# T-Shirt Folding Video to Help you out in BMQ



## Raquette (21 Jan 2006)

Learn this by hearth before BMQ and you'll save precious time.

http://video.google.com/videoplay?docid=4776825453418327083&q=shirt+fold


----------



## Daidalous (21 Jan 2006)

Now that is talent.


----------



## Conquistador (21 Jan 2006)

I prefer this one: http://video.google.com/videoplay?docid=-3049657193903702887&q=shirt+fold


----------



## Rory (21 Jan 2006)

You prefer the white shirt over the purple shirt, such a difference in technique...
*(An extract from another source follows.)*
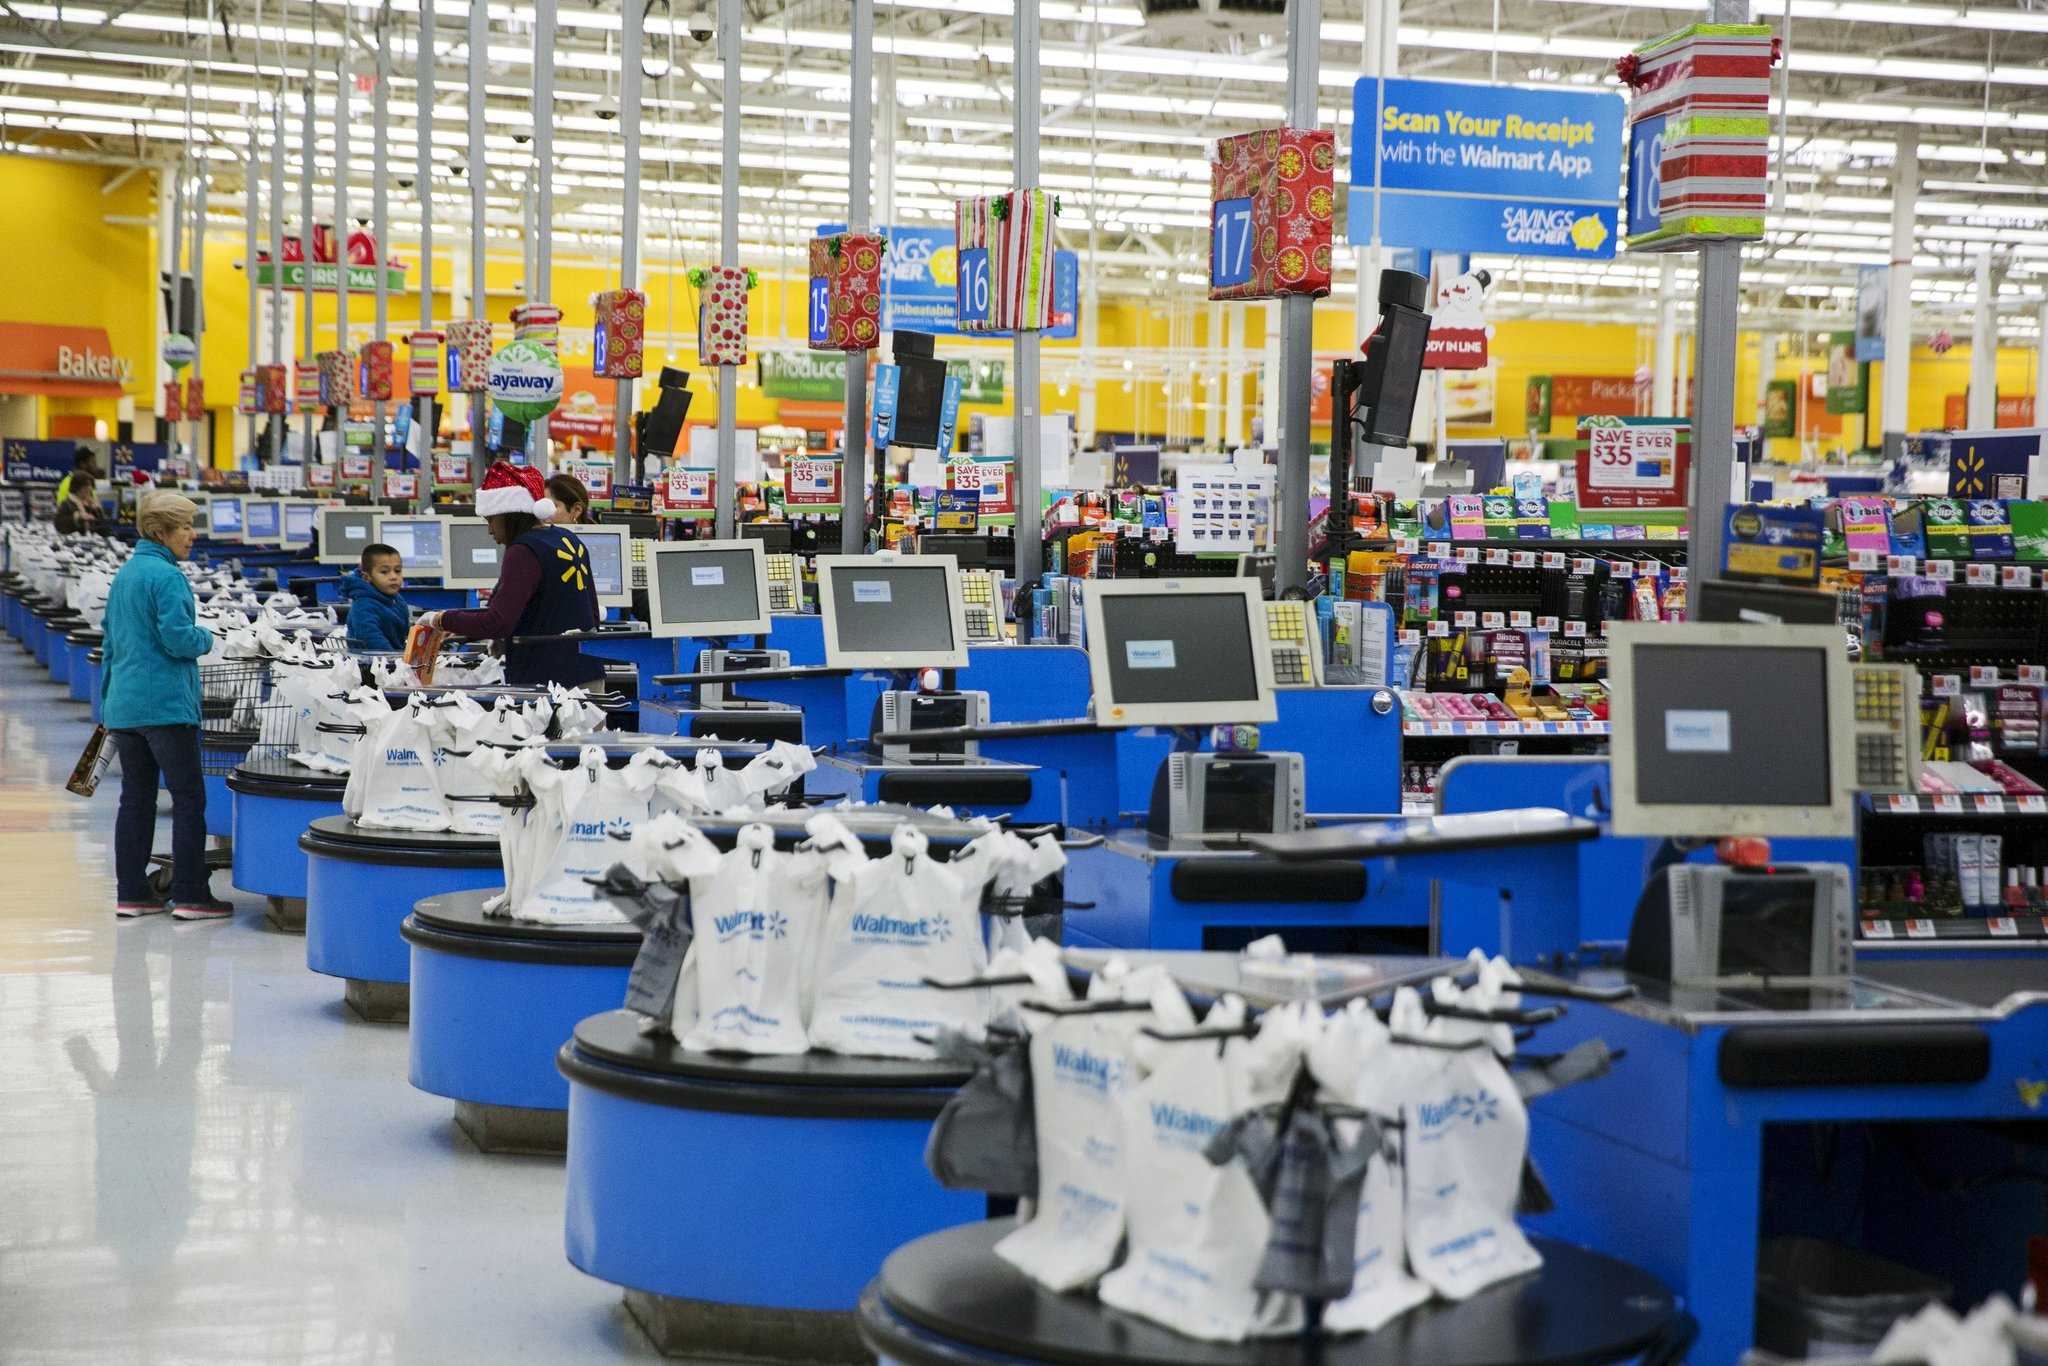 Walmart Profit Fell Almost 8% in 4th Quarter | Red Dragon

Anywho that would be pretty nifty to bustout in BMQ, maybe I will give it a try when I am enlisted.


----------



## Bradboy (22 Jan 2006)

Thats a great technique.....really....it is. But in Basic (for mine anyway) you had to fold your shirt 7 inches by 7 inches....so I don't think this technique will work.


----------



## Hoover (22 Jan 2006)

Just cut a piece of cardboard 6.5 inches by 6.5 inches. Fold them once and never wear them. Always have one in your laundry bag and one on your back, I guarentee you will be doing laundry at least every second day so you are set.


----------



## armyrules (22 Jan 2006)

That is a crazy technique but I would never figure it out


----------



## buckwild (23 Jan 2006)

I have been trying for a good 1/2 hour and cant get it!!! I give credit to anyone who can! Job well done! hahah


----------



## Canad1an (24 Jan 2006)

Conquistador said:
			
		

> I prefer this one: http://video.google.com/videoplay?docid=-3049657193903702887&q=shirt+fold


Woah...


----------



## andpro (28 Jan 2006)

buckwild said:
			
		

> I have been trying for a good 1/2 hour and cant get it!!! I give credit to anyone who can! Job well done! hahah



I was trying it and got it right away but after that I could not get it, then I found out I was doing it wrong. Make sure that the side you are grabbing is the side furthest away from you. It is extremely easy to do once you get the hang of it. I was amazed, I could not believe how easy, fast and perfectly it will fold your shirts. If you are wondering, yes I did have a lot of free time on my hands. :


----------



## Zombie (28 Jan 2006)

It takes longer to lay the shirt out flat than to actually fold it...


----------



## jerrythunder (4 Feb 2006)

hahaha it actually works! thanks allot im gonna use this much to my advantage this summer!!!


----------



## Jaxson (8 Feb 2006)

I did it somewhat, i got it down to the size and shape... its just off centered, man this is hard.


----------



## The Gues-|- (8 Feb 2006)

haha that works great! now... for the detail strip


----------



## Sixshooter (8 Feb 2006)

i got it down in like 7 minutes.  :-\ kinda off center but i still figured it out


----------



## boehm (9 Feb 2006)

Cool technique! The only problem is that I am to lazy to learn how to do that so for now my t-shirts will remain in a crumpled pile next to my bed. But not to worry eventually my t-shirts make themselves. I suspect there is a neat freak somewear in my house. ;D


----------



## vanislerev (9 Feb 2006)

actually easy to learn, more difficult to get it square with smooth folds though. although as aformentioned, doesnt get anywhere close to a 7x7" or so fold, so isnt of much use for BMQ, handy at home though


----------



## The Gues-|- (6 Mar 2006)

Or... you could do it this way...

http://www.youtube.com/watch?v=o_y9T4dLipg


----------



## Jaxson (6 Mar 2006)

Now that was cool.


----------



## Caleix (6 Mar 2006)

too bad that sucker wouldnt fit in a Ruck or a dufflebag.....lol

Caleix


----------



## q_1966 (10 Mar 2006)

The Gues-|- said:
			
		

> Or... you could do it this way...
> 
> http://www.youtube.com/watch?v=o_y9T4dLipg



I am so building one of those...now if only they came in travel size


----------